List of memory samples in MB
Corresponding timestamps for each sample
Telemetry events captured during tracking
Average memory usage in MB
Properties
duration: Total tracking duration in seconds
memory_growth_rate: Memory growth rate in MB/second
MemoryWatchdog
Automatic memory management and cleanup for TensorFlow.
Constructor
MemoryWatchdog(
max_memory_mb: float = 8000,
cleanup_threshold_mb: float = 6000,
check_interval: float = 5.0
)
Maximum memory before forced cleanup
Memory threshold to trigger cleanup
Time between memory checks in seconds
Methods
start
Start memory watchdog monitoring.
stop
Stop memory watchdog.
force_cleanup
Force immediate memory cleanup.
def force_cleanup(self) -> None
add_cleanup_callback
Add custom cleanup callback function.
def add_cleanup_callback(self, callback: Callable[[], None]) -> None
Function to call during cleanup operations
Example
from tfmemprof.tracker import MemoryTracker, MemoryWatchdog
import tensorflow as tf
# Basic tracking
tracker = MemoryTracker(
sampling_interval=0.5,
alert_threshold_mb=4000
)
# Add alert callback
def on_alert(alert):
print(f"Memory alert: {alert['message']}")

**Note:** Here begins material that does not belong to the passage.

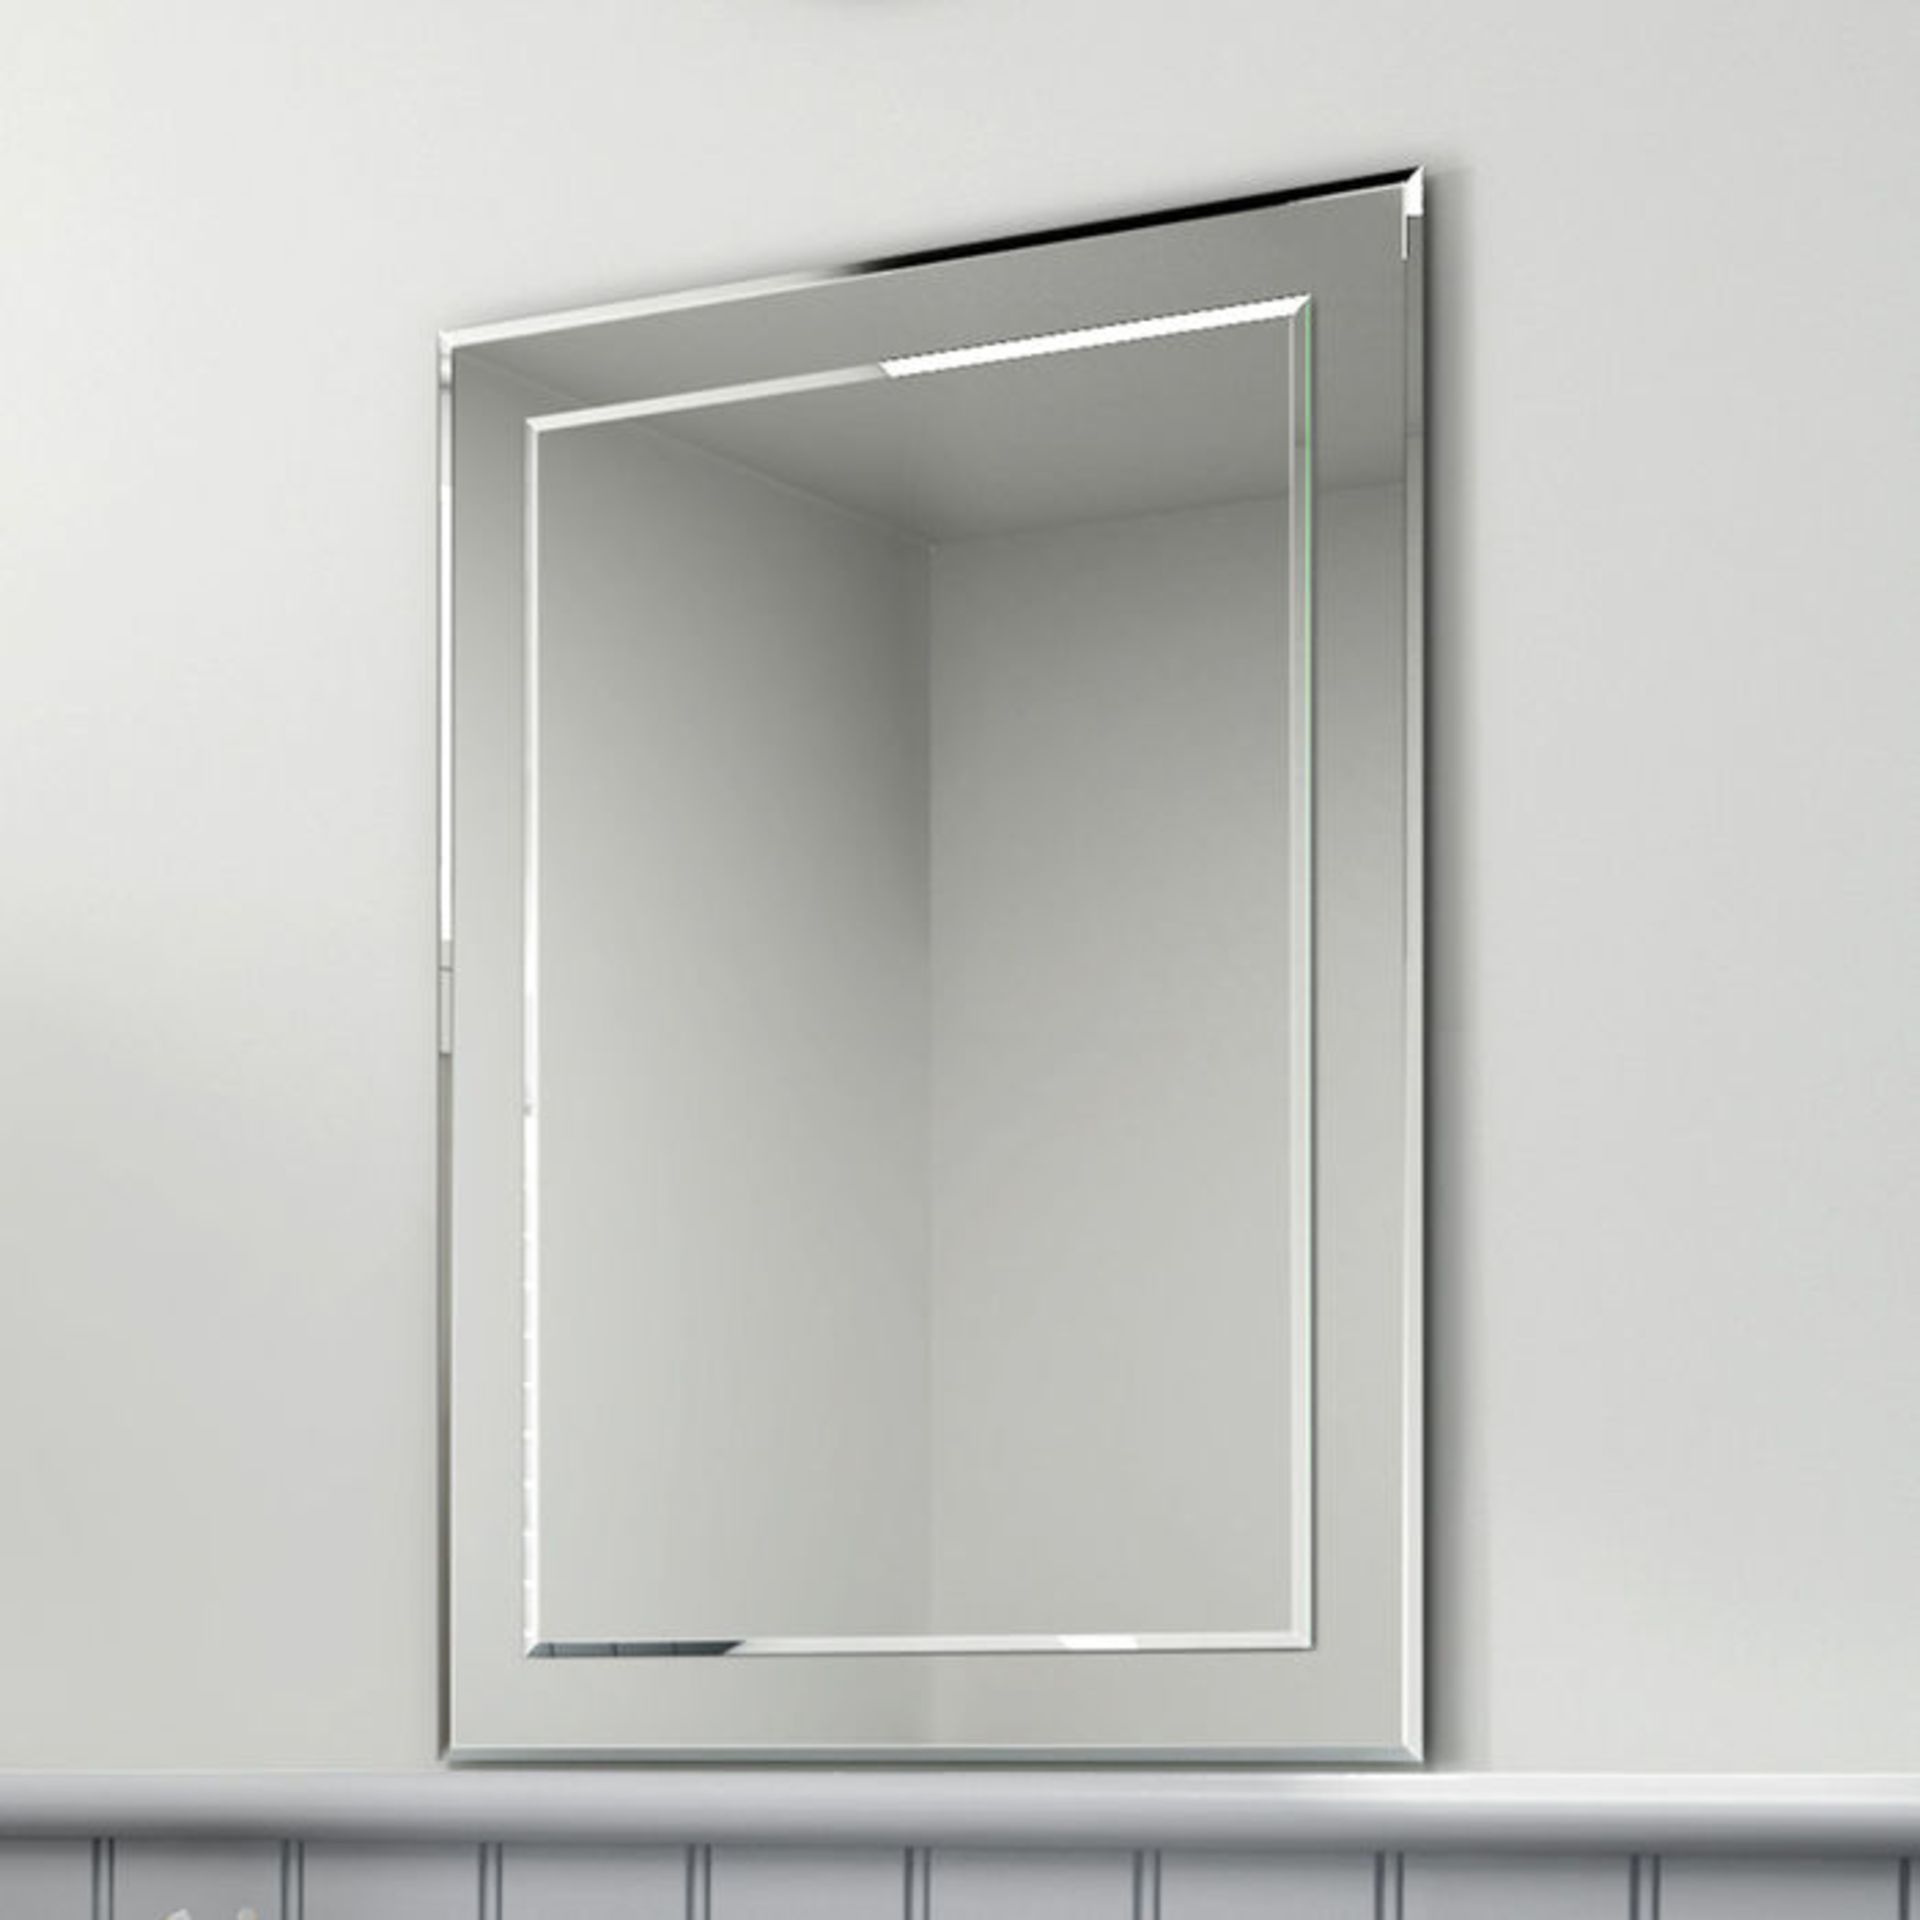 (O128) 500x700mm Bevel Mirror. RRP £69.99. Smooth beveled edge for additional safety and style

tracker.add_alert_callback(on_alert)
# Start tracking
tracker.start_tracking()
# Run your code
model = tf.keras.applications.ResNet50()
model.fit(x_train, y_train, epochs=10)
# Stop and get results
results = tracker.stop_tracking()
print(f"Peak memory: {results.peak_memory:.2f} MB")
print(f"Average memory: {results.average_memory:.2f} MB")
print(f"Alerts triggered: {len(results.alerts_triggered)}")
# Memory watchdog for automatic cleanup
watchdog = MemoryWatchdog(
max_memory_mb=8000,
cleanup_threshold_mb=6000
)
# Add custom cleanup
def custom_cleanup():
print("Running custom cleanup")
# Clear caches, etc.
watchdog.add_cleanup_callback(custom_cleanup)
watchdog.start()
# Your training code
# Watchdog automatically cleans up when thresholds exceeded
watchdog.stop()